En wij vragen ons af, juist in het kader van deze bijdrage, hoe hebben de vader en moeder van Simson dit ervaren? Hebben zij hun ogen neergeslagen voor ouders van succesvoller maar vooral van vromer nakroost? En in de termen van vandaag: wat hadden deze ouders nu eigenlijk aan ‘geloofsopvoeding’ gedaan?

De opvoeding van Simson
Simson deed geen belijdenis. Wel bleef de geest des HEEREN hem aangrijpen. Maar toen hij daardoor een leeuw kon verslaan bracht hem dit niet tot een getuigenis. Integendeel: Simson beantwoordde de kracht des HEEREN met een raadselrijmpje, een leuke bijdrage op zijn bruiloft te Timna.

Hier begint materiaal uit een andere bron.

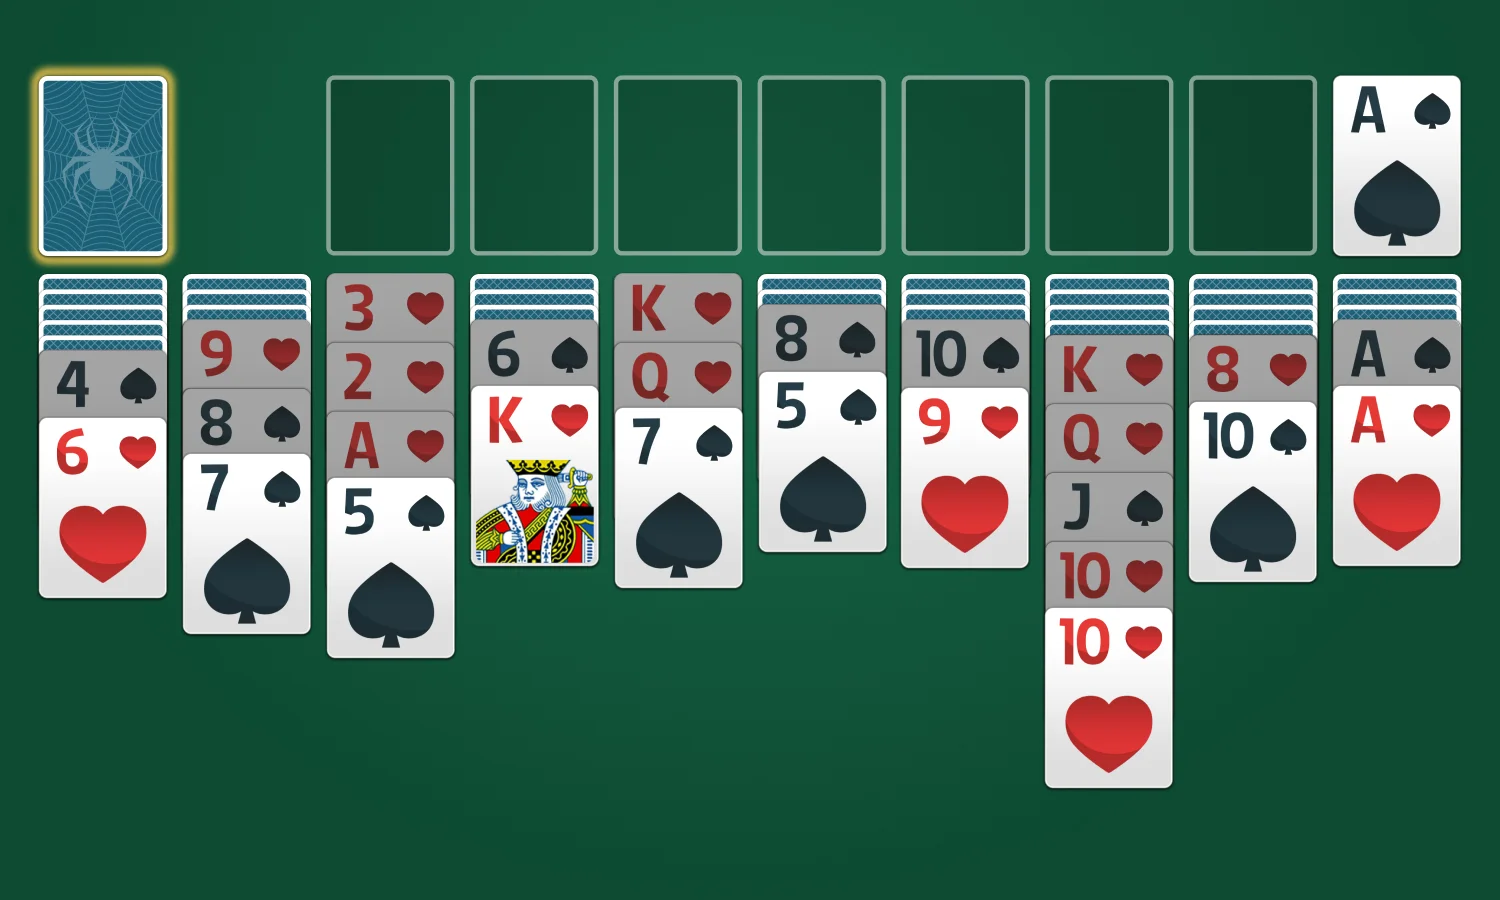 Spider Solitaire Rules: Use the Stockpile

En toen Simson later wraak nam, in de kracht des HEREN, nadat zijn vrouw en schoonvader door de Filistijnen waren verbrand, resulteerde dit in een lied van Simson op Simson.

En toch getuigt de Schrift dat Simson tot de belijdenis kwam. Na het brallende loflied op zichzelf, kreeg hij dorst en er was geen water. Tóen in het aangezicht van de dood riep Simson tot de HERE:
  
Gij hebt door uw knecht deze grote verlossing geschonken,
en nu moet ik van dorst sterven
en zal ik in handen vallen van de onbesnedenen. 
 

Is dit geen uiterst merkwaardige tekst? Simson erkent dat hij de knecht des HEREN is. Tot zover is het duidelijk. Maar daarna? Simson róept het uit. Maar wát roept hij uit? Hij roept om water, hij smeekt om zijn leven, maar tegelijkertijd wijst hij de HERE op de besnijdenis. In het aangezicht van de dood wijst Simson op het onderscheid tussen de besnedenen en de onbesneden. Waarom? Waarom niet een tekst in de trant van: O God, geef me water! Laat me leven!

Waarom koppelt Simson zijn léven aan het onderscheid tussen besnedenen en onbesnedenen?

Als je erover nadenkt is het onbegrijpelijk. Hoe kun je je leven verbinden aan een 'lidteken'? Een litteken herinnert alleen maar aan een wond en aan pijn. Hoe kwam Simson erbij? Is het niet absúrd? Leven door een litteken? Leven door de besnijdenis? Waar kwam dit teken eigenlijk vandaan en wat betekende dit? Een teken in zichzelf is niets, een teken herinnert altijd aan de gever van het teken. En zo verwijst ook de besnijdenis allereerst naar de Gever ervan, na de zondeval sprak de God van hemel en aarde:

En Ik zal vijandschap zetten
tussen uw zaad en haar zaad
dit zal u de kop vermorzelen
En gij zult het de hiel vermorzelen

Er zullen twéé geslachten zijn op deze aarde. Een geslacht van de dood en een geslacht van leven.
“Daarom noemde de mens zijn vrouw Eva omdat zij de moeder is geworden van alle levenden.” Je ziet het niet want beide geslachten brengen hun doden naar het graf maar toch is daar de belofte van leven. En aan Abraham werd de belofte aan Eva herhaald: Want voor u is de belofte én voor uw zaad.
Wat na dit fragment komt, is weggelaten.